ISIS is a creation of the US invasion of Iraq. One cannot understand ISIS without understanding the sectarian division created by the US invasion. Prior to the invasion, Sunnis and Shiites were largely integrated. They intermarried and many did not even know if others were Sunni or Shiite. With the US invasion came General Order Number One which largely made Sunnis government officials and military personnel unemployed. Imagine if Russia invaded the US and decided that the Republicans had been the problem and they could no longer follow their career choices. 

With this and the Shiite majority taking control of both the government and the military, Sunni officials, military officers, average military personnel, formed ISIS. This problem cannot be fixed if we do not first understand why the US went into Iraq, in whose interest did the US invade Iraq, and what is the plan of the US in the larger Middle East. This takes an understanding of history - a good place to start is the Grand Area Strategy articulated at the end of World War I. 

So, can the US be of help.

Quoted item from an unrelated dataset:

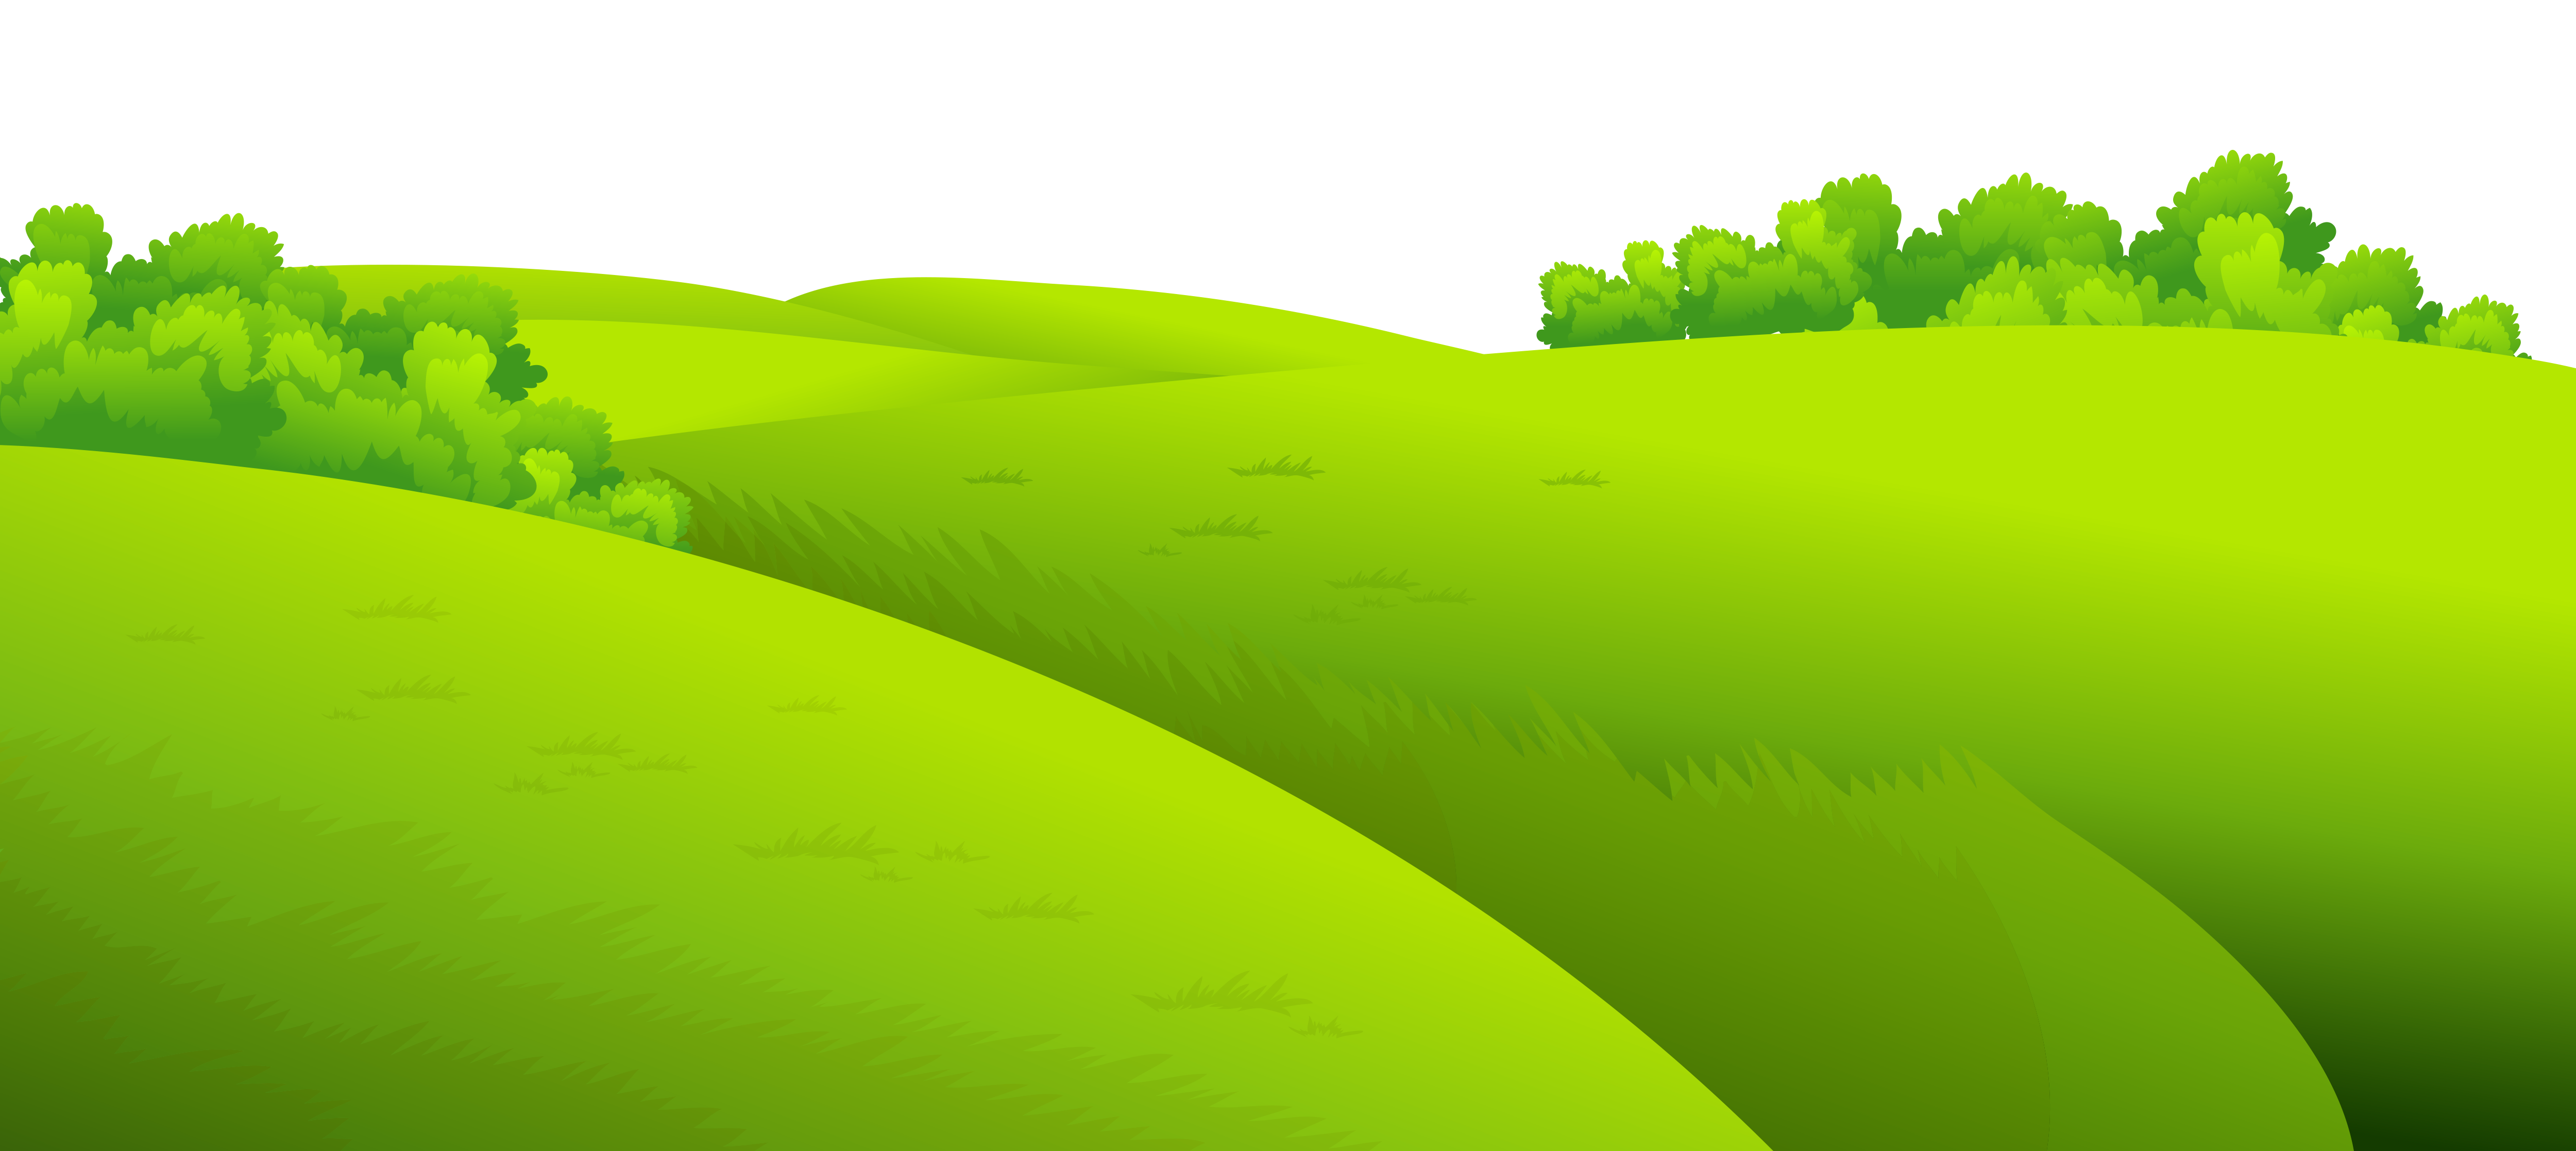 Green Meadows Background Clip Art

It depends on who we mean by the "US." With the current domestic distribution of power, I would hesitate to believe "we" will help. Perhaps the United Nations could be a deterrent to US power. The UN at least represent domestic power in all member states. But, I do not think there is a military solution to this conflict. These forces are not going away. Those that care must find a way to deal with WHY these folks are joining Isis and find a way to meet their real needs.